Work to complete
From the line that contains "Baked flounder filet on a baking tray" through the last line of the data, copy everything exactly and nothing else, omitting the pictures.

Source data
......

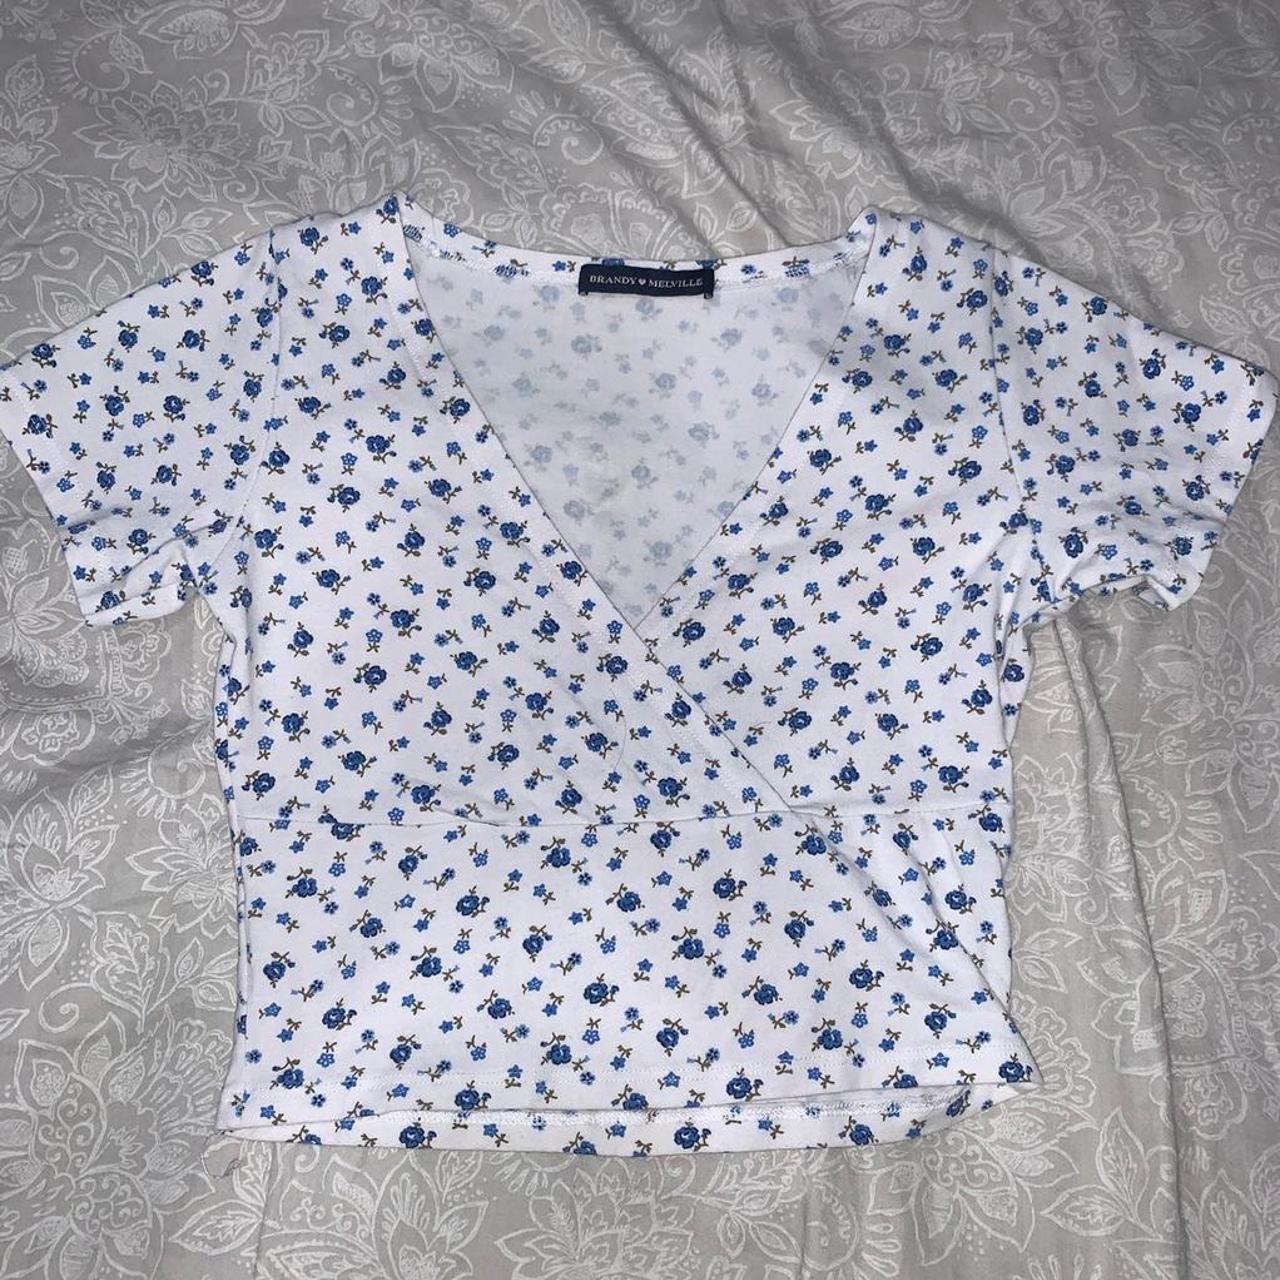 Product Image 1 - Brandy Melville Amara floral top
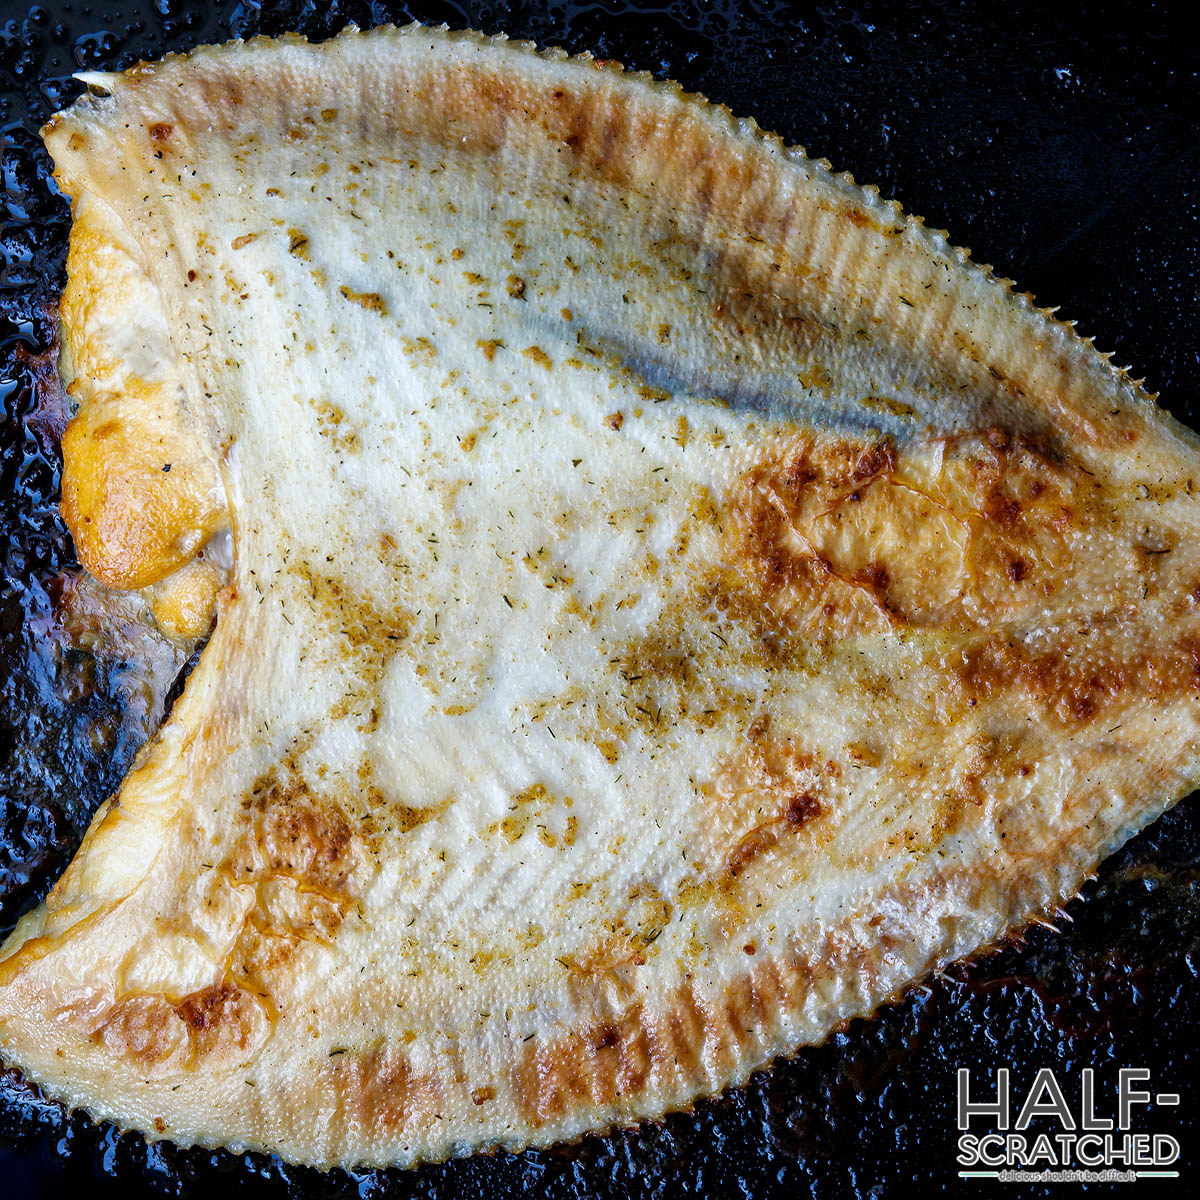 Baked flounder filet on a baking tray
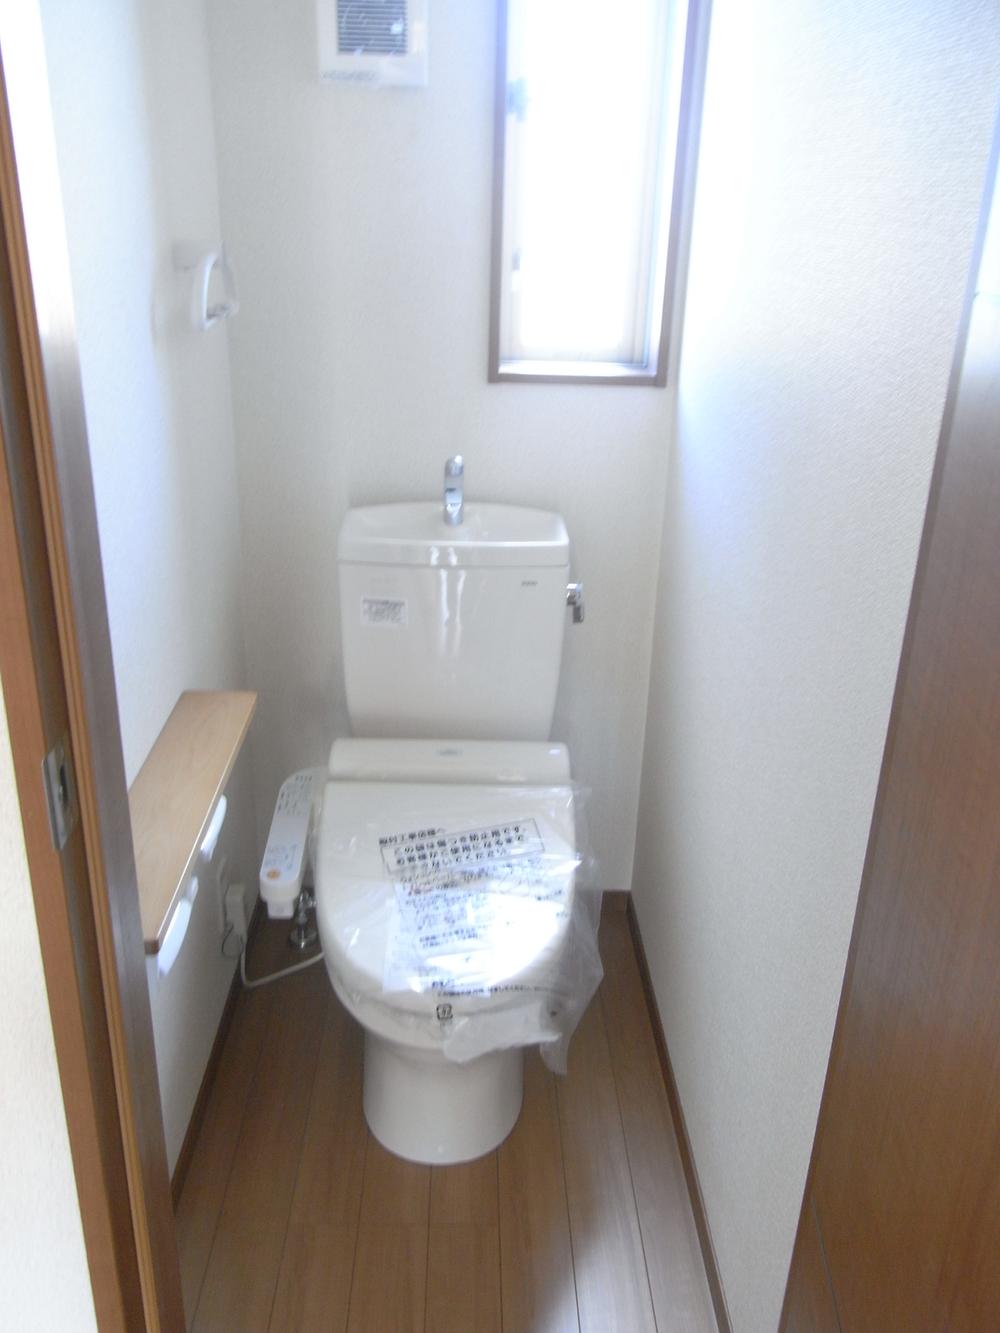 Toilet. All building, Same specifications

......

Response to the exercise
 Baked flounder filet on a baking tray
 Toilet. All building, Same specifications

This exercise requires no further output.